About this exercise: A faithful transcript of all the lines below, with no pictures, is the goal here.
START Supplied data
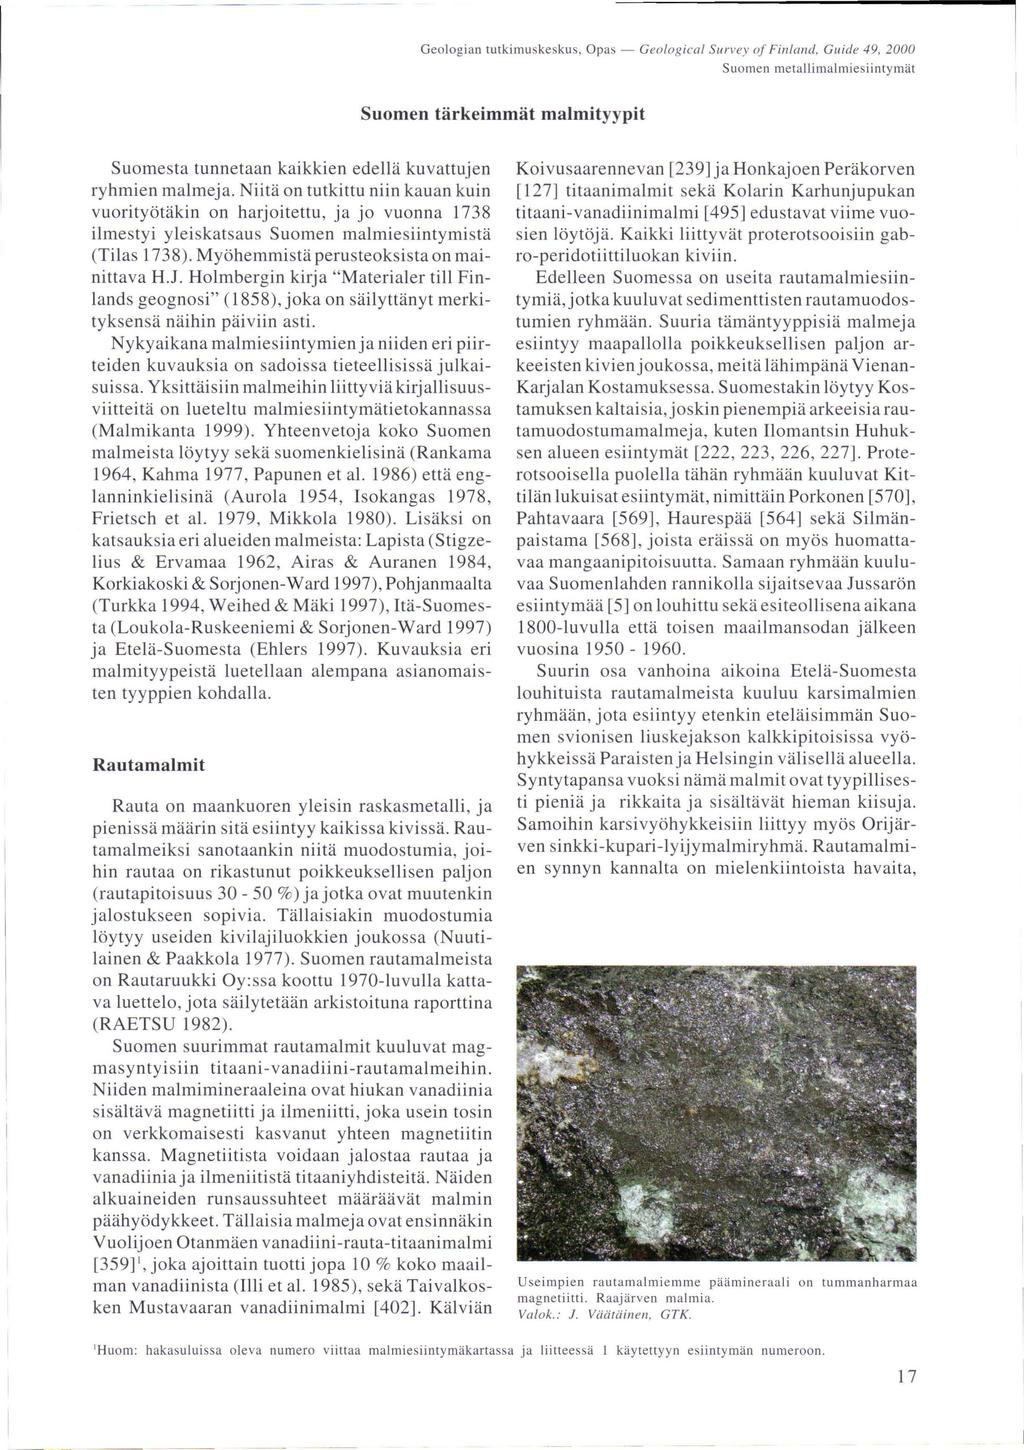 Geologian tutkimuskeskus, Opas - Geological Survey oj Finlalld, Guide 49, 2000 Suomen metallimalmiesiintymät Suomen tärkeimmät malmityypit Suomesta tunnetaan kaikkien edellä kuvattujen ryhmien
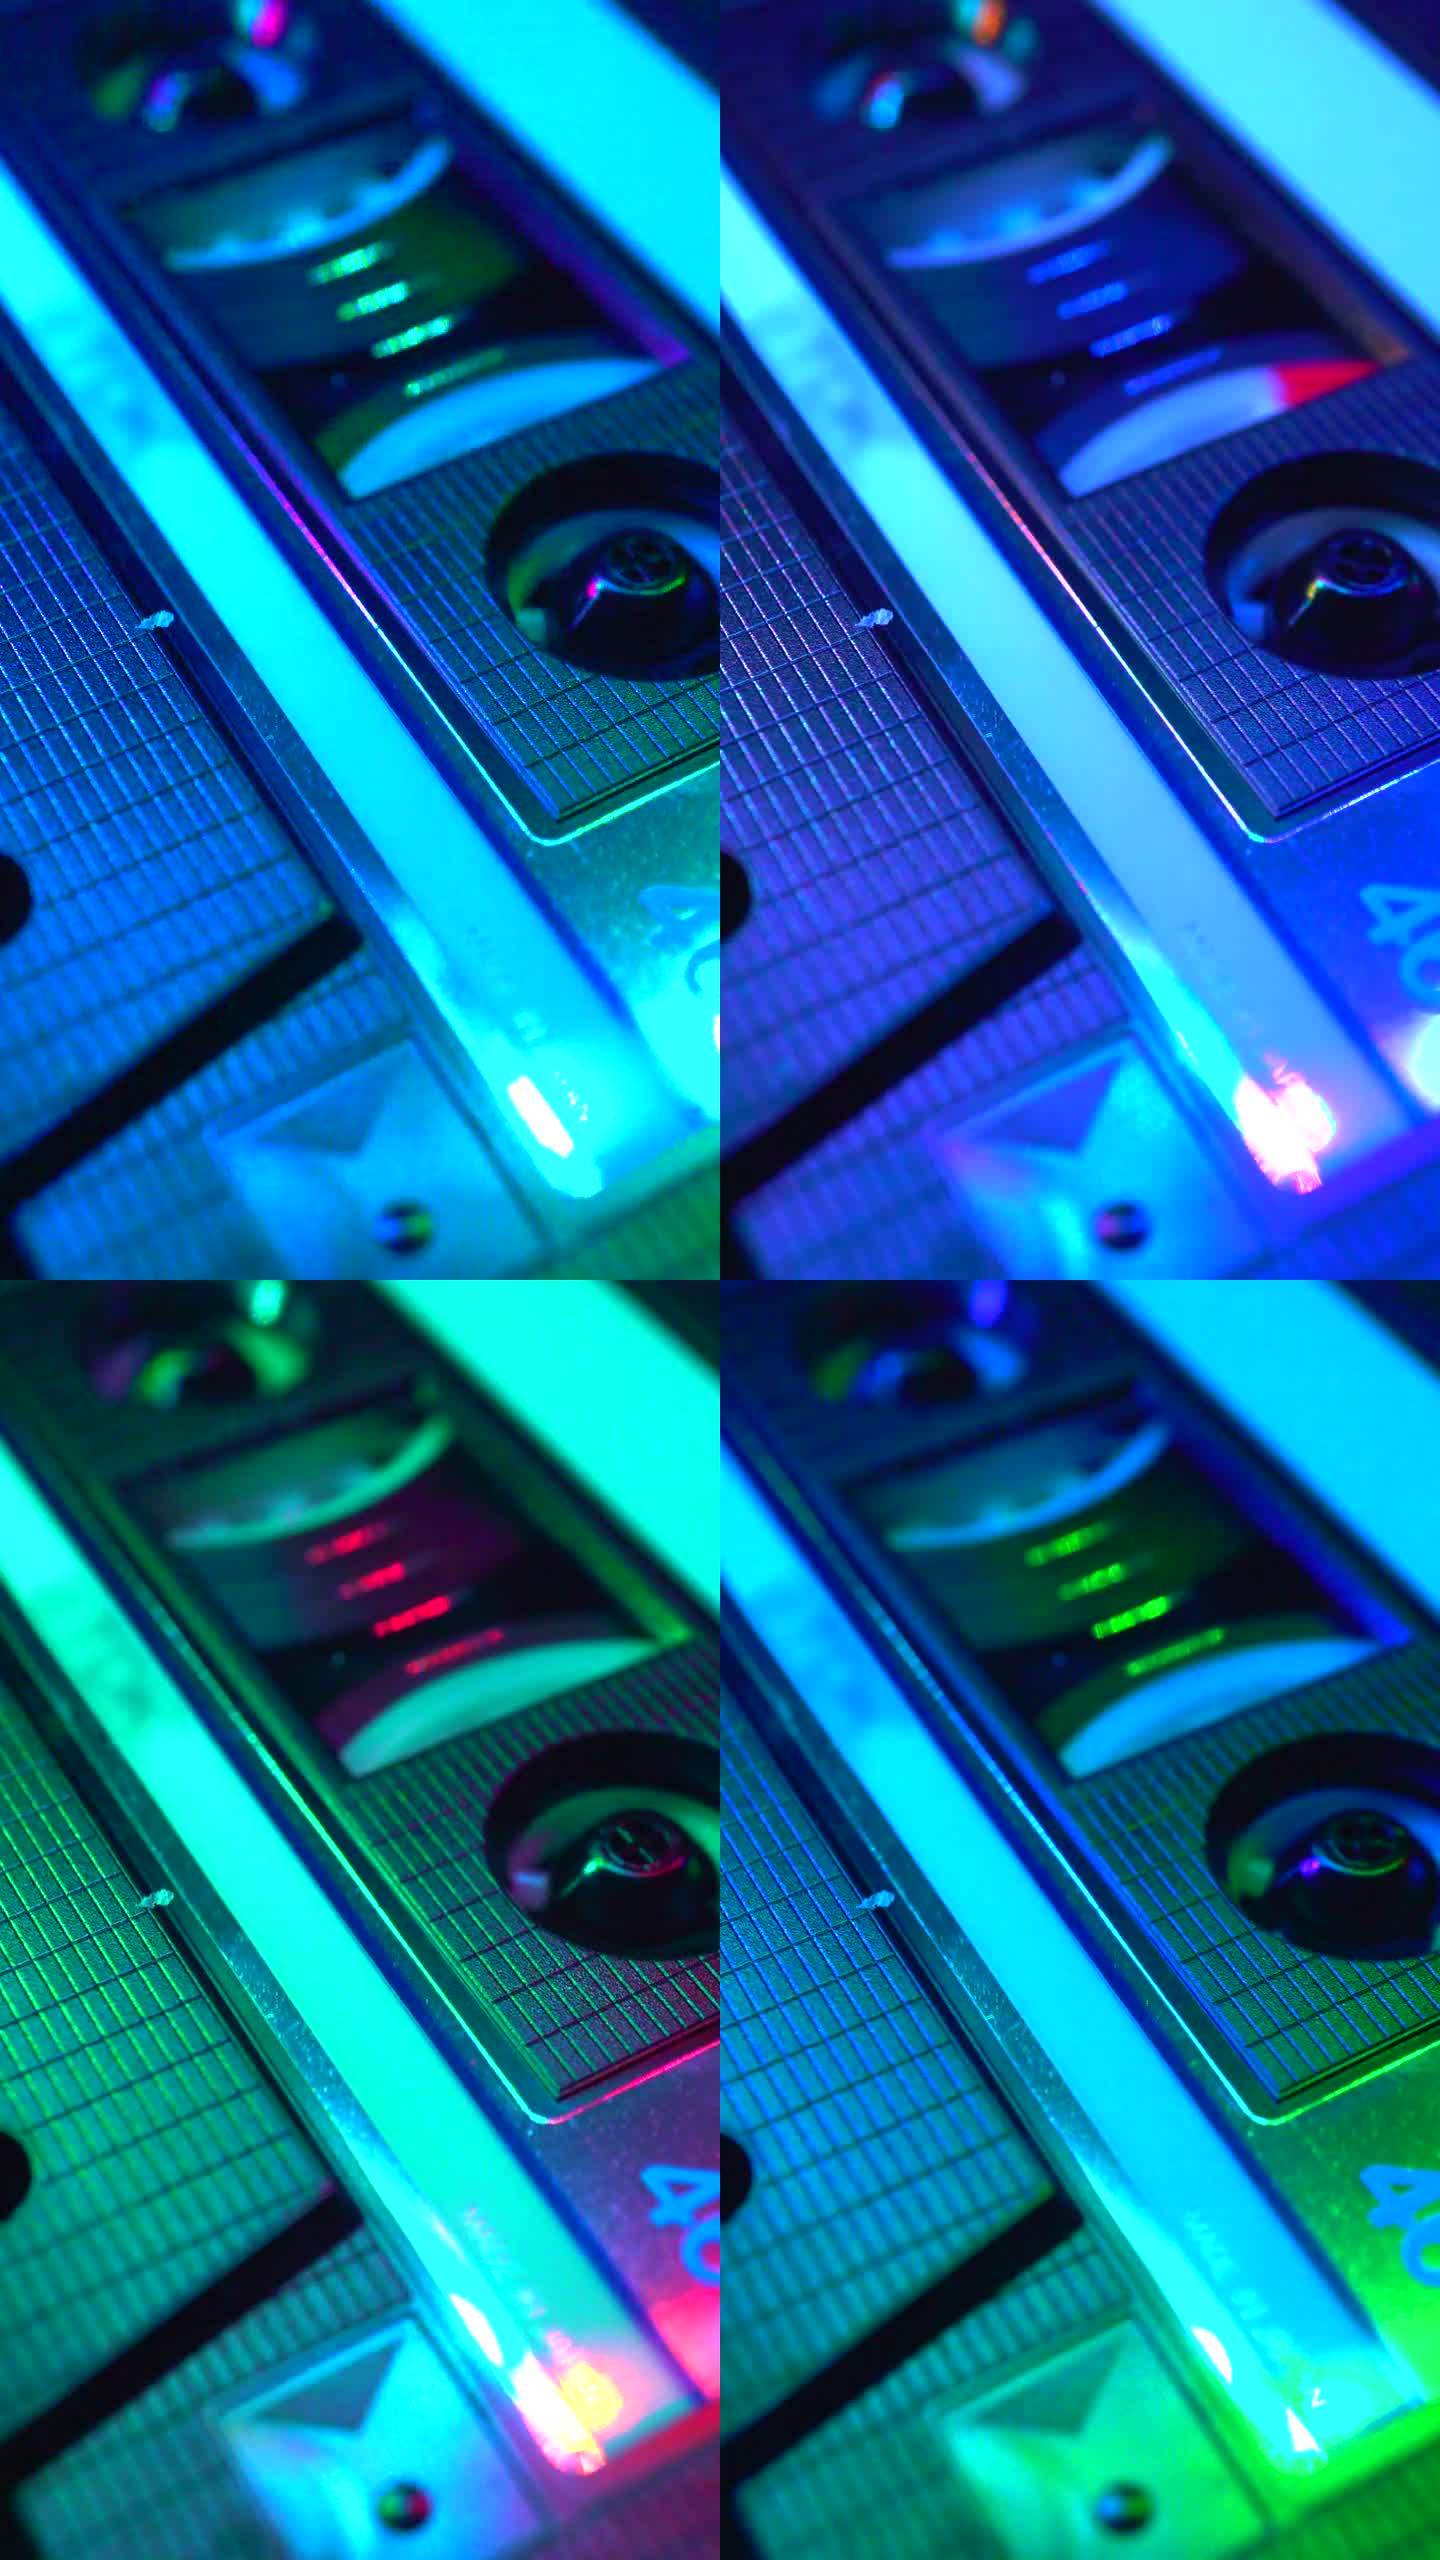 俱乐部里五颜六色的灯光照亮了正在播放的盒式磁带
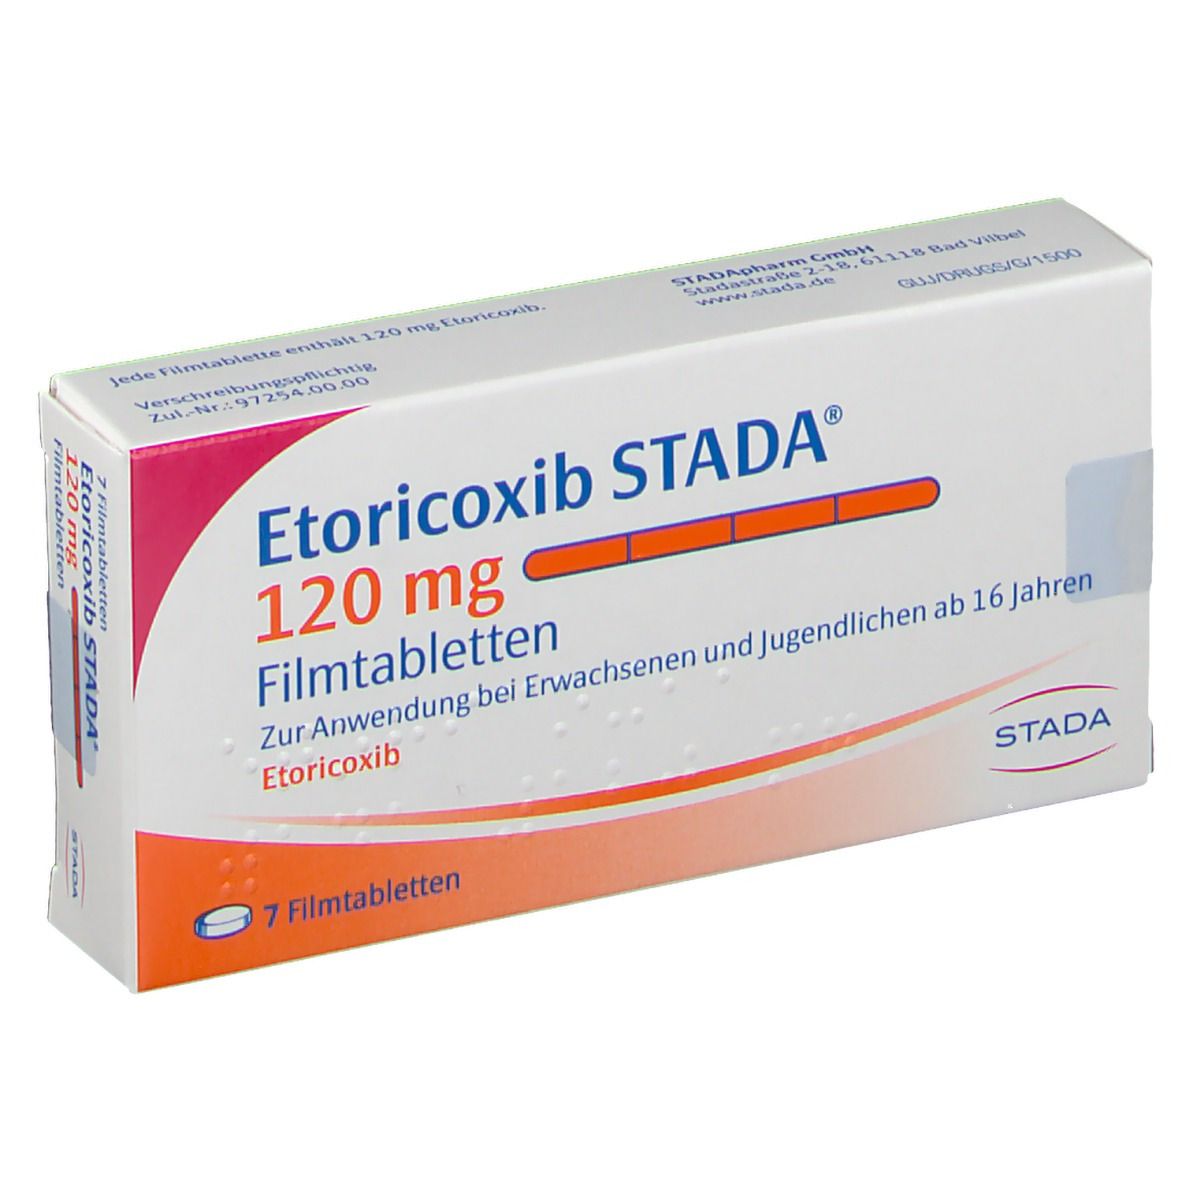 Etoricoxib STADA® 120 mg
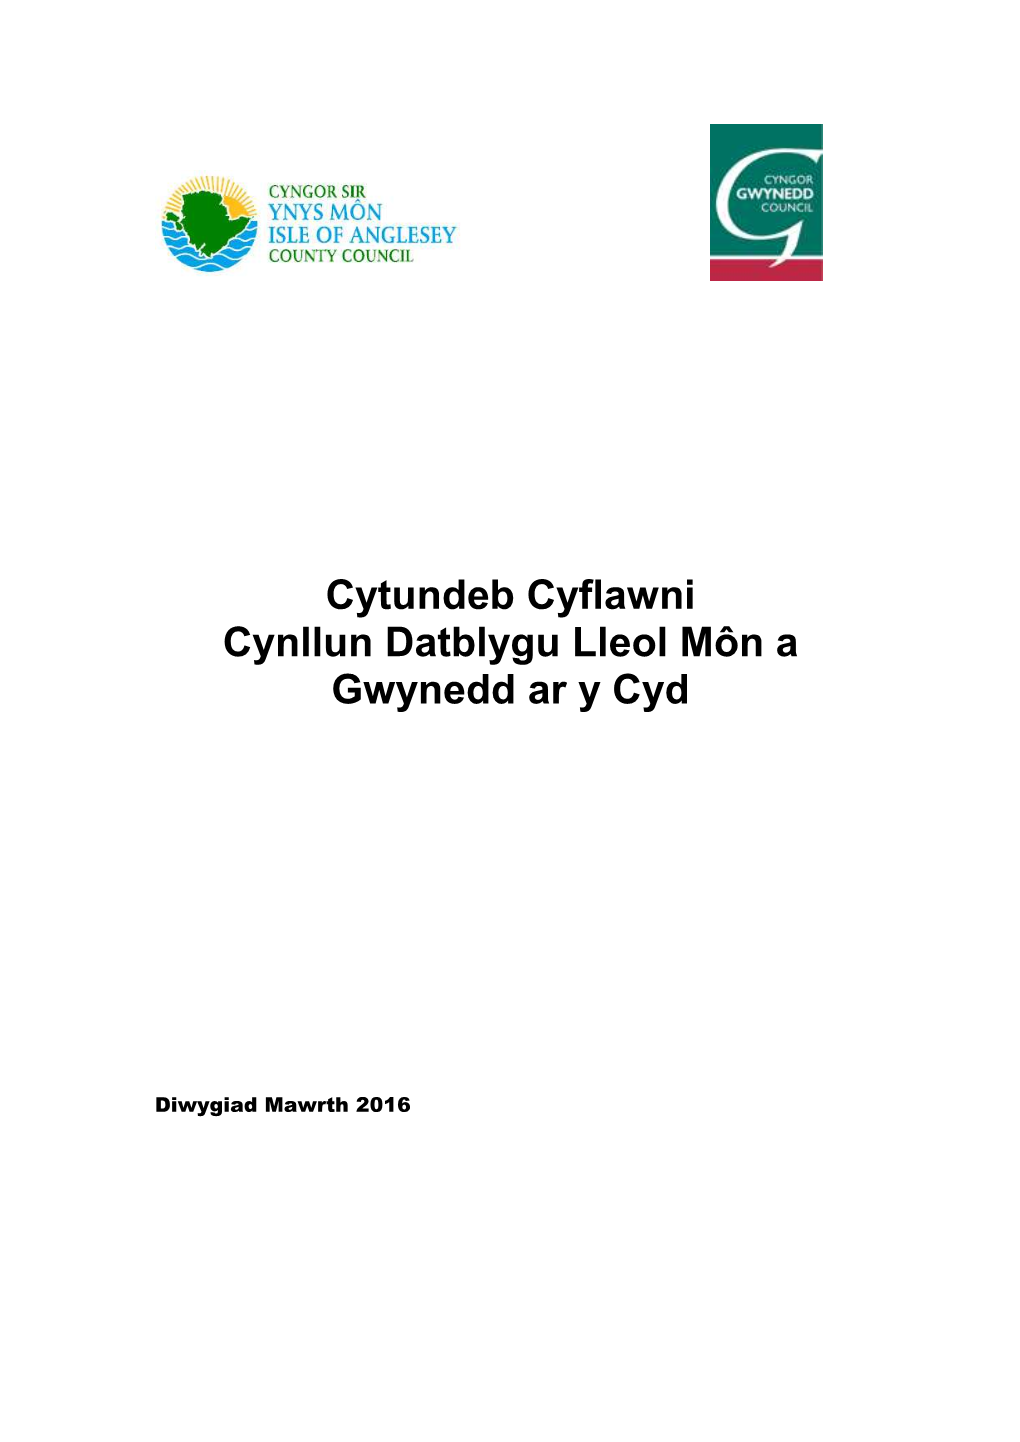 Cytundeb Cyflawni Cynllun Datblygu Lleol Môn a Gwynedd Ar Y Cyd
END Supplied data
Answer for the task:
 Geologian tutkimuskeskus, Opas - Geological Survey oj Finlalld, Guide 49, 2000 Suomen metallimalmiesiintymät Suomen tärkeimmät malmityypit Suomesta tunnetaan kaikkien edellä kuvattujen ryhmien
 俱乐部里五颜六色的灯光照亮了正在播放的盒式磁带
 Etoricoxib STADA® 120 mg
 Cytundeb Cyflawni Cynllun Datblygu Lleol Môn a Gwynedd Ar Y Cyd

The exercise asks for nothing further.